I need to calculate the size of an ADLS folder but need to make sure blobs in the Archive layer are excluded from the list. If I use
$Blobs = Get-AzStorageBlob -Context $ctx -Container $containerName -Prefix $folderName
Its giving the size but there is no way I can filter out the access tier.
But If I use BlobServiceClient, the code is not scalable, it runs forever if I have millions of files.
blob_service_client = BlobServiceClient(account_url=account_url, credential=storage_account_key)
container_client = blob_service_client.get_container_client(container_name)
blob_list = container_client.list_blobs(name_starts_with=folder_path)
for blob in blob_list:
blob_client = container_client.get_blob_client(blob.name)
blob_properties = blob_client.get_blob_properties()
if blob_properties.blob_tier != "Archive":
total_size += blob_properties.size
Is there an easy and scalable way to achieve this?
Thanks
Currently your code is not optimized. You need not call blob_client.get_blob_properties()
method to get the properties of the blob for each blob. They should already be available when you list the blobs.
Please try the following code:
blob_service_client = BlobServiceClient(account_url=account_url, credential=storage_account_key)
container_client = blob_service_client.get_container_client(container_name)

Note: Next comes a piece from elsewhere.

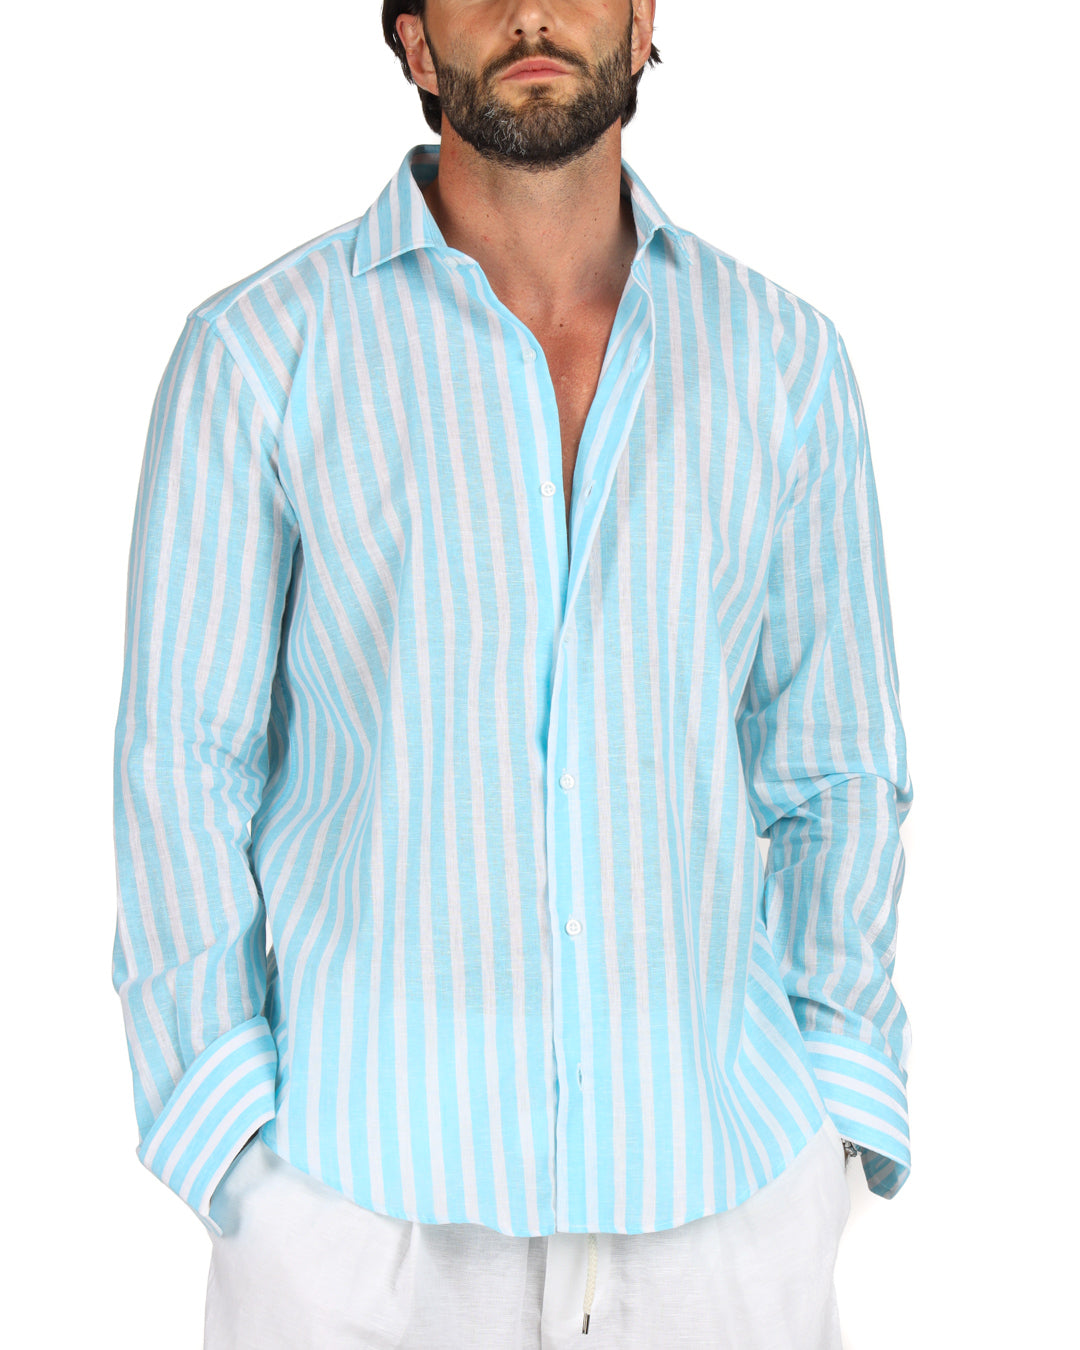 Procida - La chemise en lin classique larges rayures turquoise

blob_list = container_client.list_blobs(name_starts_with=folder_path)
for blob in blob_list:
if blob.blob_tier != "Archive":
total_size += blob_properties.size
Also, looking at the documentation of Get-AzStorageBlob
, the output of the cmdlet would be a list of blobs which are of type AzureStorageBlob
and that has a property called AccessTier
. What you can do is loop through the blobs returned by this Cmdlet and filter by access tier to get the desired information.